Fix decoding tiff image with BigEndian + 64 bit / pixel + associated alpha #3032

Socolin · 2025-12-11T04:58:54Z

Prerequisites

I have written a descriptive pull-request title
I have verified that there are no overlapping pull-requests open
I have verified that I am following the existing coding patterns and practice as demonstrated in the repository. These follow strict Stylecop rules 👮.
I have provided test coverage for my change (where applicable)

Description

This fix #3031 the method ColorFromRgba64Premultiplied seems to do the wrong things, I'm not 100% sure about the new code but it seems to works and kind of make sense.

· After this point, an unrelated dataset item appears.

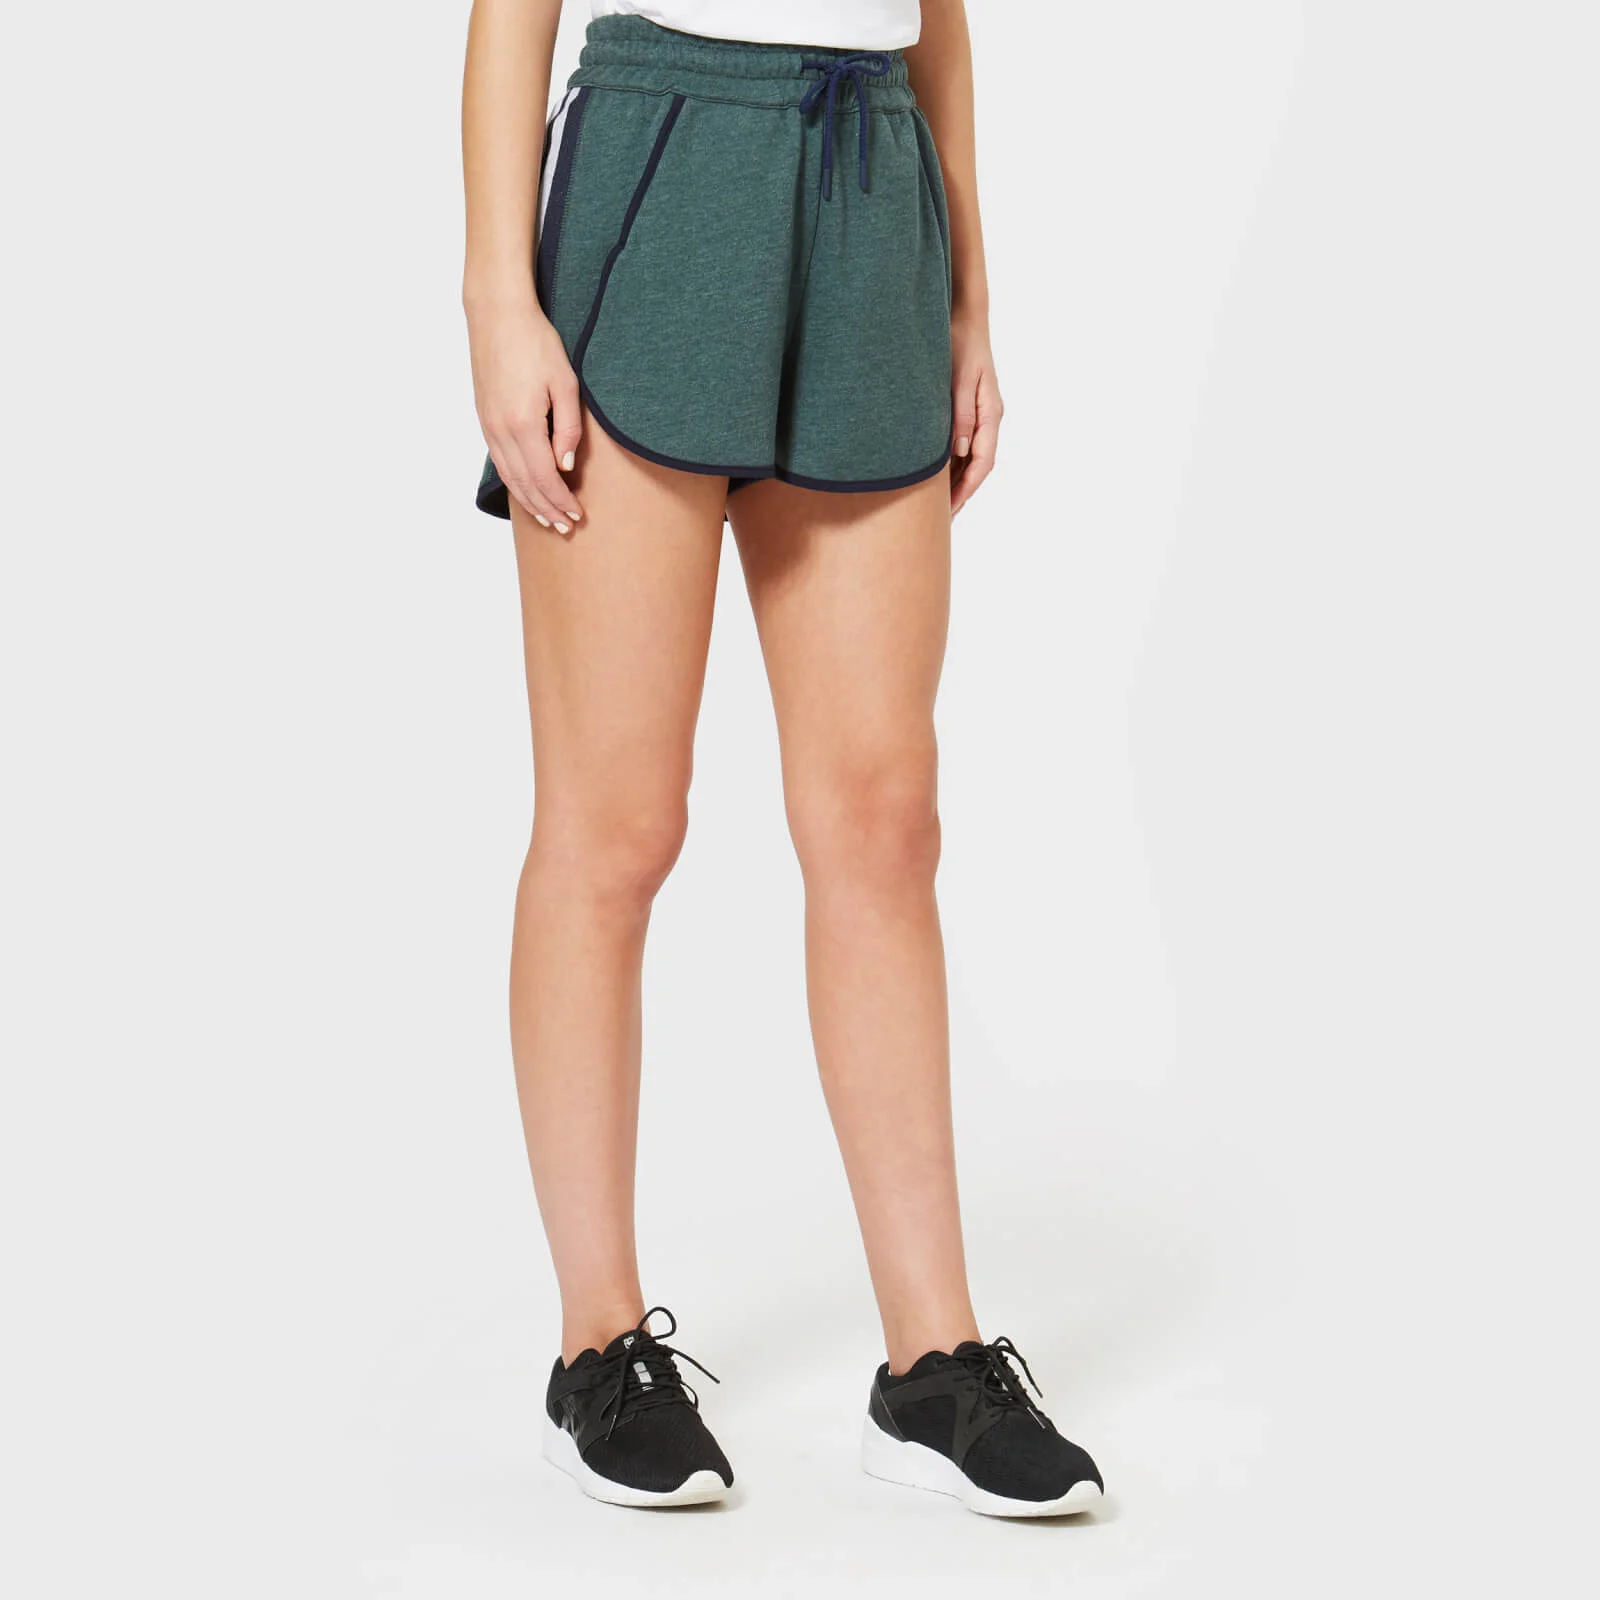 LNDR Women's Jog Shorts - Dark Green Image 1

I'm trying to find another implementation as a reference to confirm this is the right things to do (But so far all the C library I checked are so hard to read I was not able to find confirmation...)

JimBobSquarePants · 2025-12-14T11:13:54Z

src/ImageSharp/Formats/Tiff/Utils/TiffUtilities.cs


-        return TPixel.FromRgba64(new Rgba64((ushort)(r / a), (ushort)(g / a), (ushort)(b / a), a));
+        float scale = 65535f / a;
+        ushort ur = (ushort)Math.Min(r * scale, 65535);


I'm not sure min is required here. It's certainly safer but if I can avoid it, I'd like to as it adds significant overhead per-pixel.

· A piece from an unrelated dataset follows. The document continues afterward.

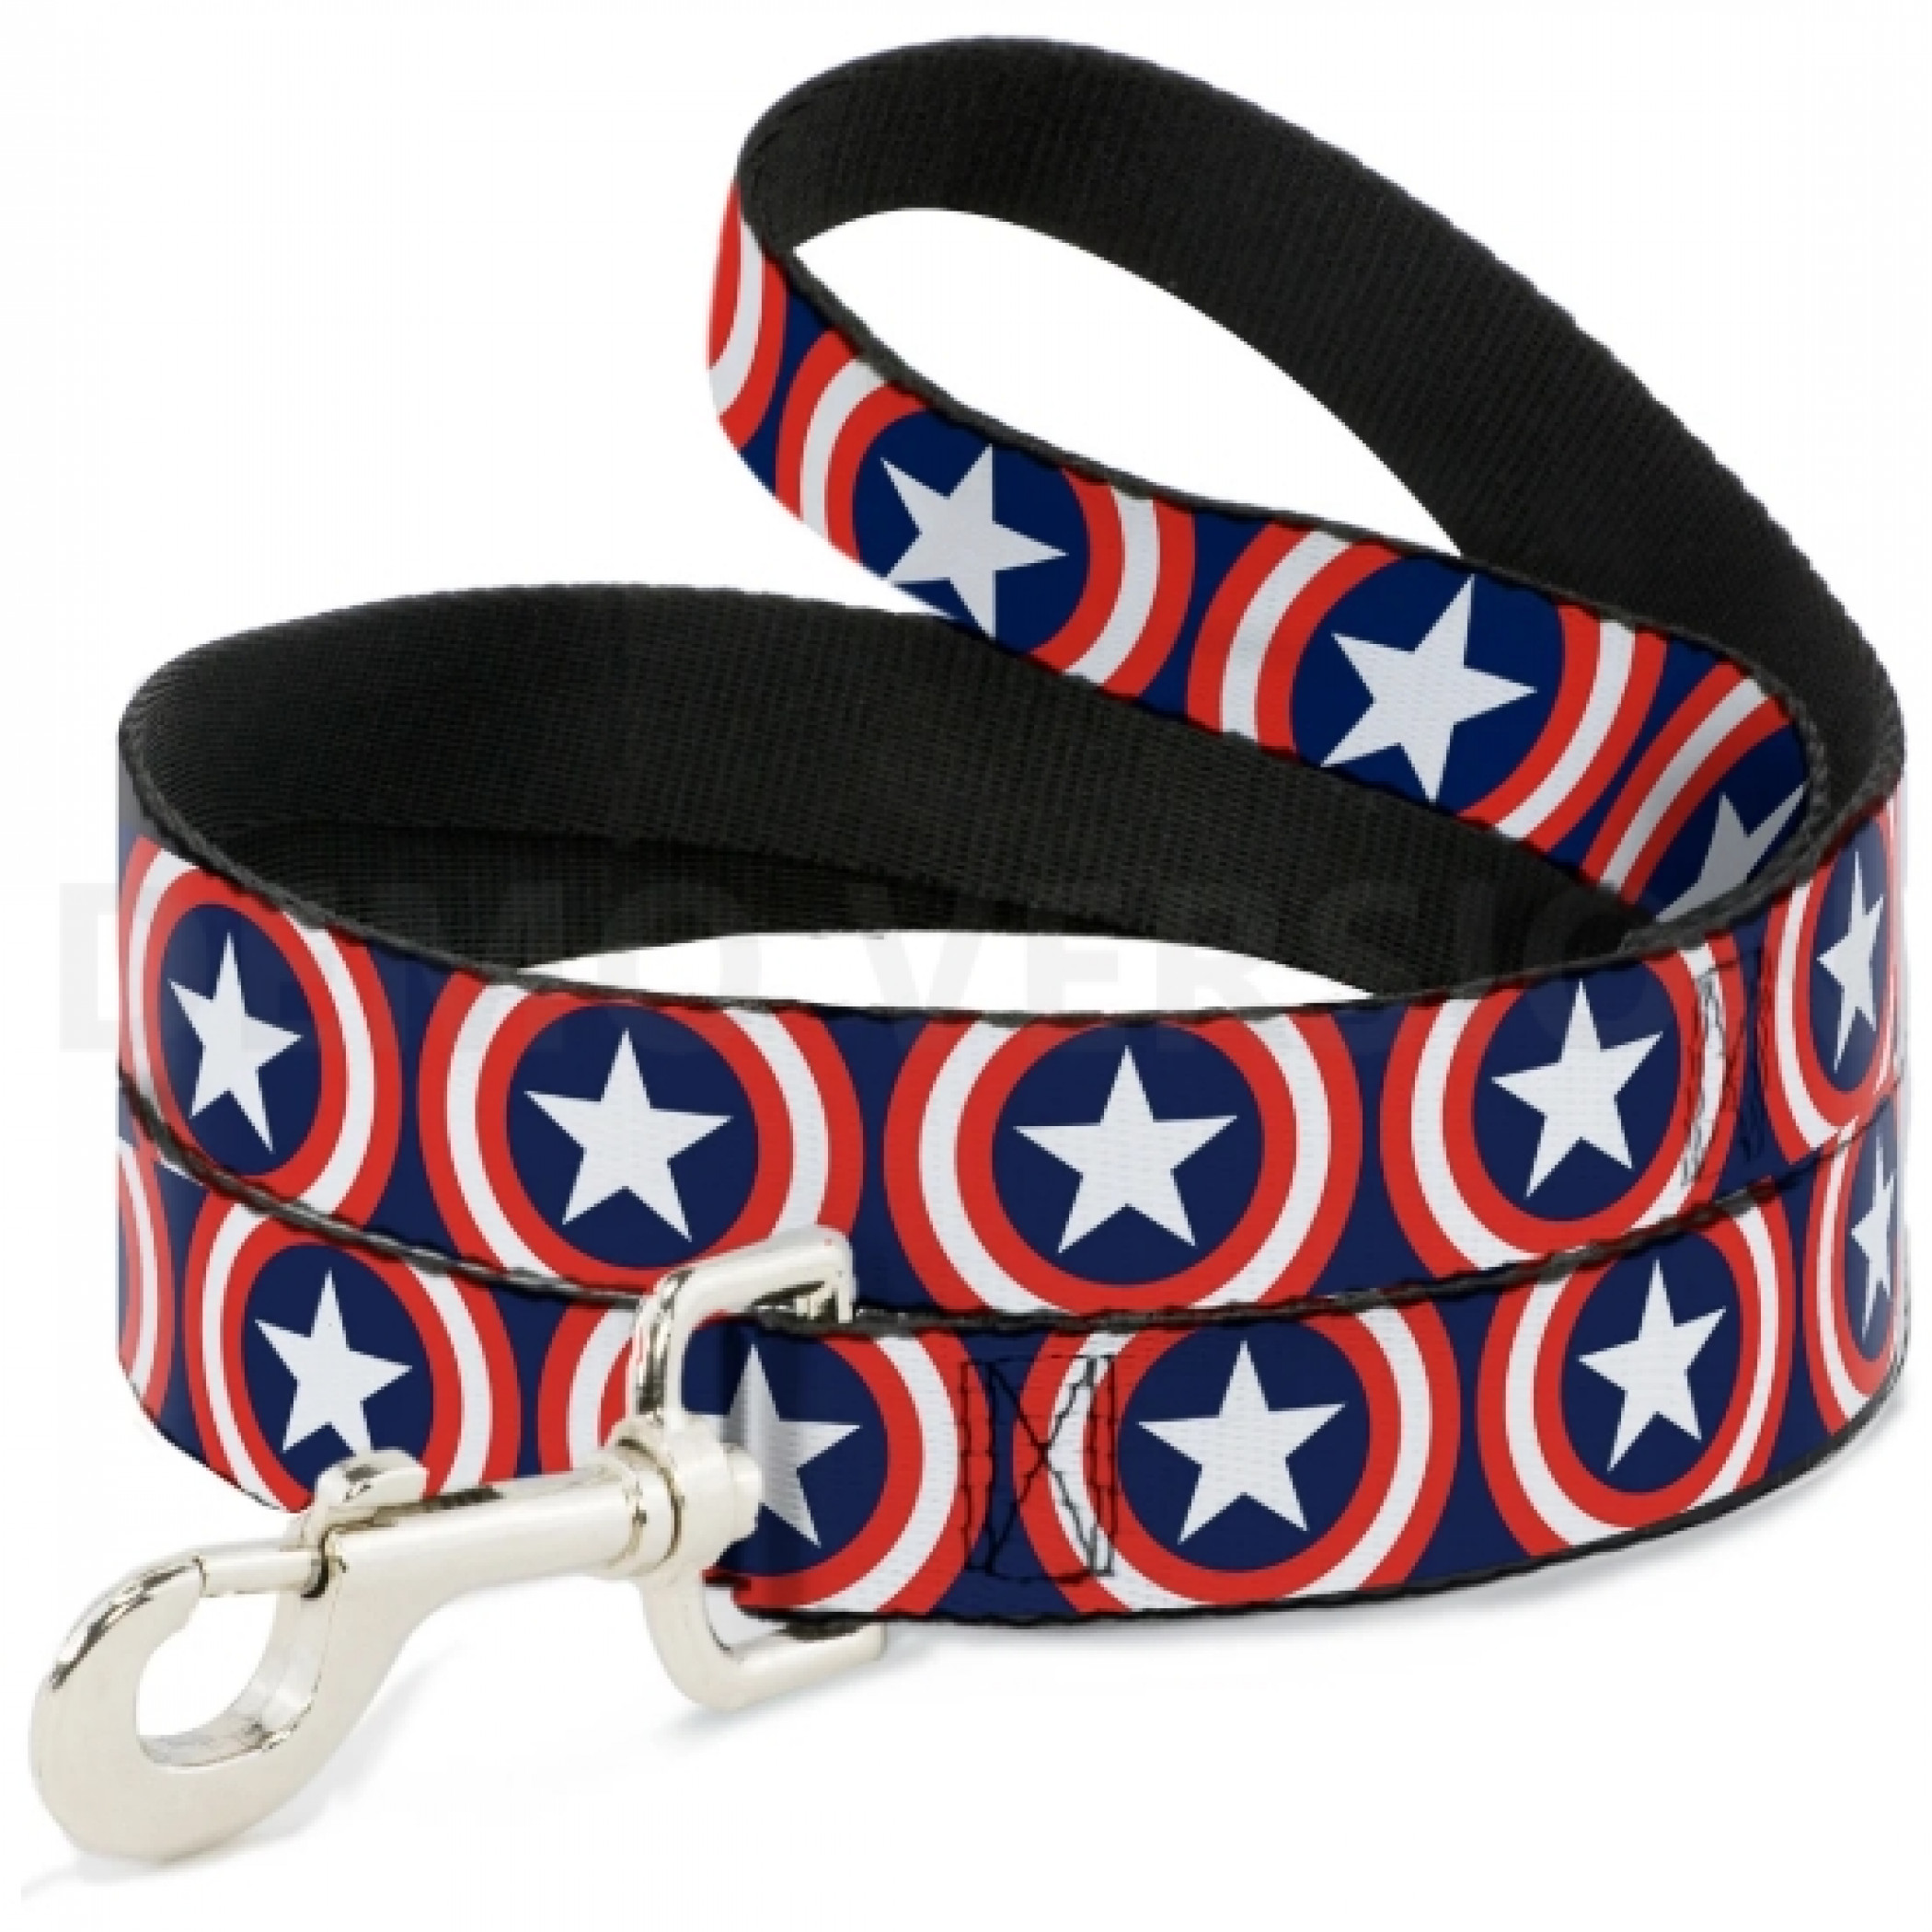 Captain America Logos 4-Foot Dog Leash

I didn't write this original code but I'm actually a little concerned about performance. It looks like we can massively optimize in the calling code also. In all the callers we do a per-pixel conditional check against hasAssociatedAlpha instead of separate loops.

I'll try to find a way to improve performance for this, I suppose I can allocate a buffer and re-order all the bytes first with Ssse3.Shuffle or similar and then just use the same code for both BigEndian an LittleEndian. Doing this will remove the need of ColorFromRgba64Premultiplied here

~~I removed the .Min() in theory it should not be useful, only for kind of corrupted image the result might differ.~~

So I tried to just split the loop into 2, I'm getting a ~8-9% speed gain with it

I also tried to convert the endianess first with SIMD operations (like with Avx.Shuffle / Sse3.Shuffle) then applying the same code as the one for little endian, but I'm getting worst result. I also did some performance test of little endian case, and the big endian scenario is actually faster than the code handling the little endian case.

| Method | Mean | Error | StdDev | Median | Allocated | |------------------------------------------ |---------:|--------:|--------:|---------:|----------:| | Rgba16161616TiffColorSplit | 124.3 us | 2.19 us | 5.33 us | 122.5 us | 1.4 KB | | Rgba16161616TiffColorOriginal | 136.1 us | 2.42 us | 5.10 us | 133.8 us | 1.4 KB | | Rgba16161616TiffColorOriginalLittleEndian | 374.0 us | 7.24 us | 7.75 us | 373.8 us | 1.4 KB | | Rgba16161616TiffColorSimd | 393.0 us | 7.71 us | 9.76 us | 394.4 us | 1.49 KB |

So it seems the performance of the current code is not that bad, I pushed the benchmark here if you are interested https://github.com/Socolin/ImageSharp/commits/benchmark-tiff/

To compare BigEndian vs LittleEndian code I did another benchmark:

| Method | AssociatedAlpha | IsBigEndian | Mean | Error | StdDev | Median | Allocated | |--------------------------- |---------------- |------------ |---------:|--------:|---------:|---------:|----------:| | Rgba16161616TiffColorSplit | False | False | 376.6 us | 7.26 us | 10.86 us | 373.6 us | 1.4 KB | | Rgba16161616TiffColorSplit | False | True | 121.9 us | 2.43 us | 4.96 us | 119.5 us | 1.4 KB | | Rgba16161616TiffColorSplit | True | False | 727.4 us | 9.43 us | 8.36 us | 727.9 us | 1.49 KB | | Rgba16161616TiffColorSplit | True | True | 194.0 us | 3.78 us | 4.78 us | 193.1 us | 1.49 KB |

I was too quick about the .Min() after checking again with the test image already present in ImageSharp repo, I'm getting this image without the .Min()

Instead of

Something like this might work...

Here:

(uint)component * 65535U avoids overflow in the multiply.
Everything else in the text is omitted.